We can now use the `validate.py` script that was generated together with the driver to measure top-1 accuracy on the MNIST dataset.

Command to execute on PYNQ:

`python3.6 validate.py --dataset mnist --batchsize 1000`

In [None]:
# ! ssh {options} -t {username}@{ip} -p {port} 'cd {target_dir_pynq}; echo {password} | sudo -S python3.6 validate.py --dataset mnist --batchsize 1000'

We see that the final top-1 accuracy is 92.96%, which is very close to the 93.17% reported on the [BNN-PYNQ accuracy table in Brevitas](https://github.com/Xilinx/brevitas/tree/master/brevitas_examples/bnn_pynq). 

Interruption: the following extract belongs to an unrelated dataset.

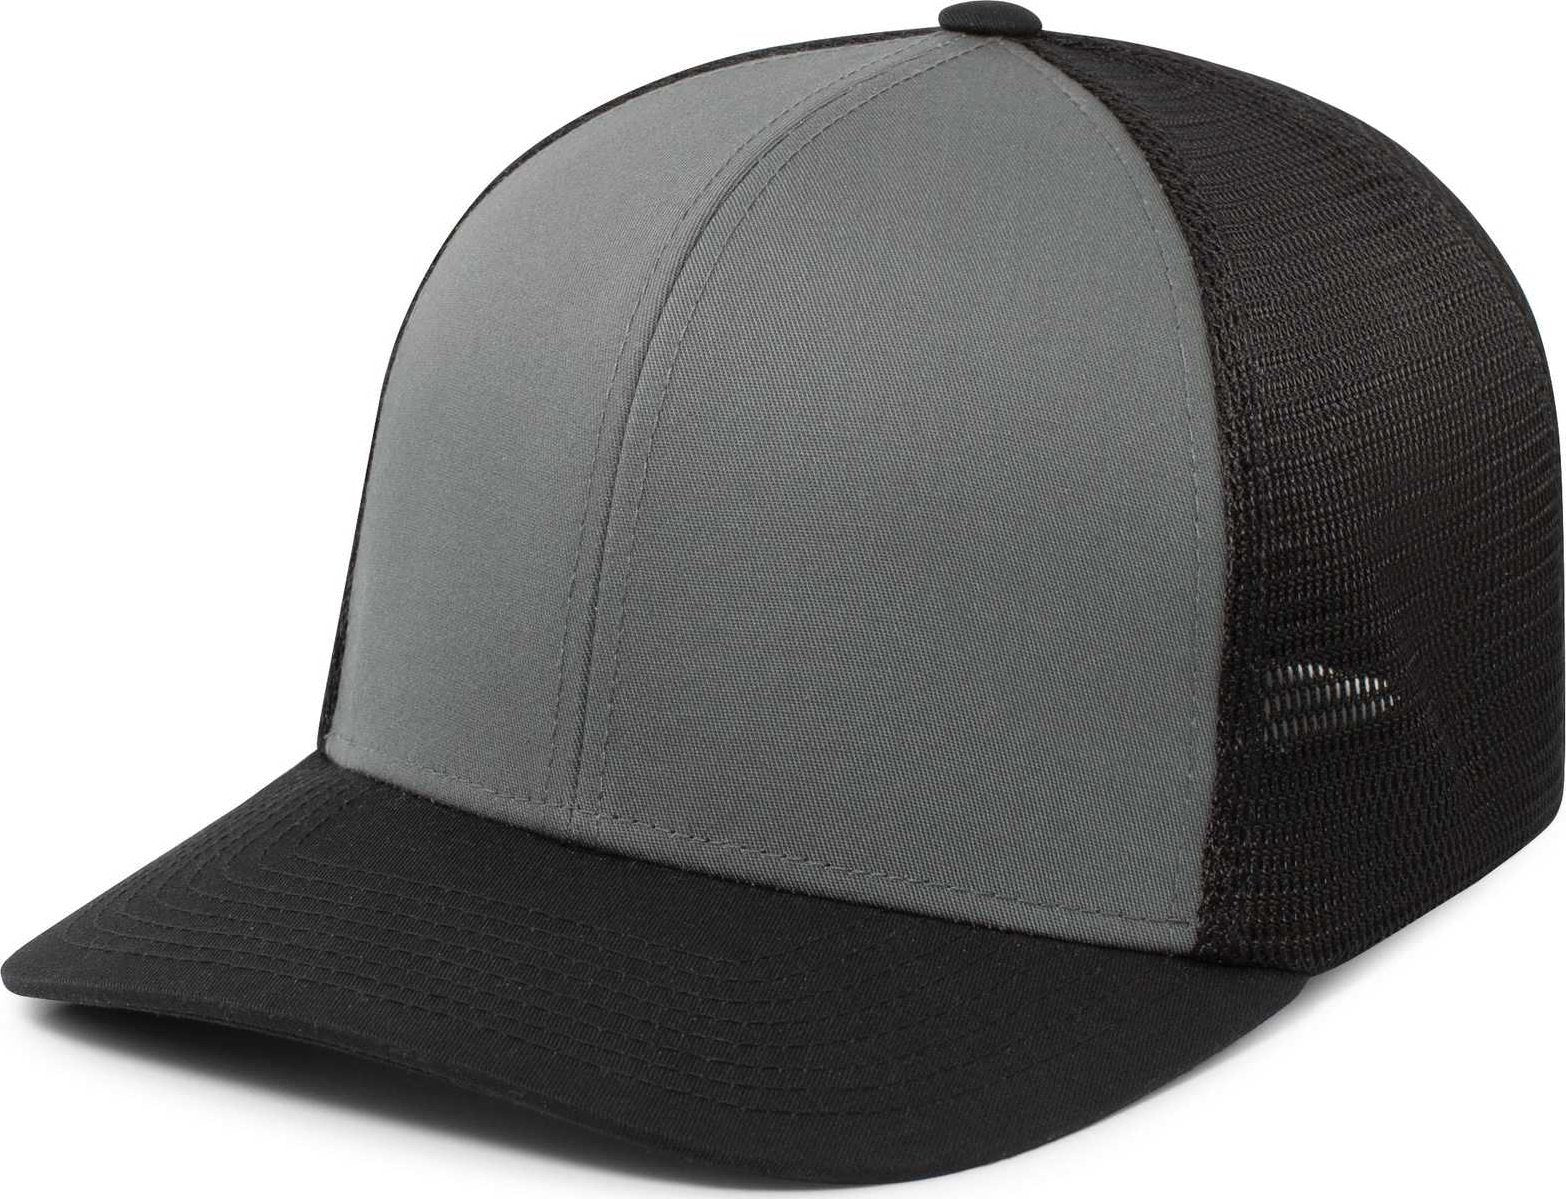 Pacific Headwear P401 Fusion Trucker Cap - Graphite Black Black - HIT a Double
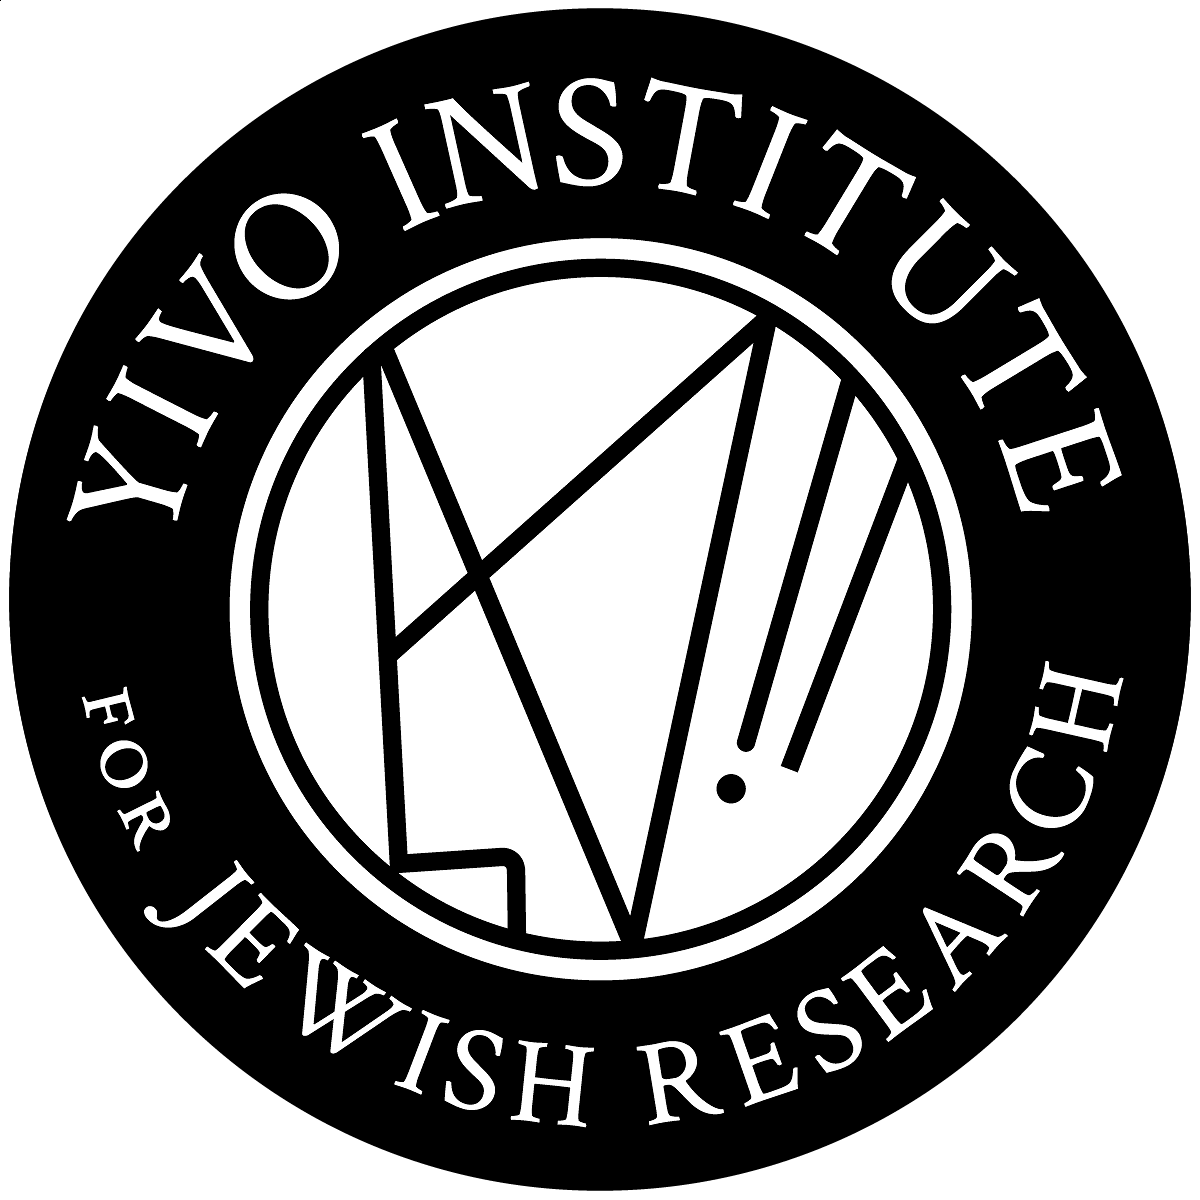 YIVO Logo bw.png [91.00 KB]

### Throughput Test on PYNQ Board <a id='throughput'></a>
In addition to the functional verification, FINN also offers the possibility to measure the network performance directly on the PYNQ board. This can be done using the core function `throughput_test`. In the next section we import the function and execute it.
First we extract the `remote_exec_model` again and pass it to the function. The function returns the metrics of the network as dictionary. 

In [None]:
# from finn.core.throughput_test import throughput_test_remote

# model = ModelWrapper(build_dir + "/tfc_w1_a1_pynq_deploy.onnx")
# res = throughput_test_remote(model, 10000)
# print("Network metrics:")
# for key in res:
#     print(str(key) + ": " + str(res[key]))

Together with the values for folding we can evaluate the performance of our accelerator. Each layer has a total folding factor of 64 and because the network is fully pipelined, it follows: `II = 64`. II is the initiation interval and indicates how many cycles are needed for one input to be processed. 

In [None]:
# II = 64
# # frequency in MHz
# f_MHz = 100
# # expected throughput in MFPS
# expected_throughput = f_MHz / II
# # measured throughput (FPS) from throughput test, converted to MFPS
# measured_throughput = res["throughput[images/s]"] * 0.000001
# # peformance
# print("We reach approximately " + str(round((measured_throughput / expected_throughput)*100)) + "% of the ideal performance.")

The measured values were recorded with a batch size of 10000 and at a frequency of 100 MHz. We will be improving the efficiency of the generated accelerator examples in the coming FINN releases.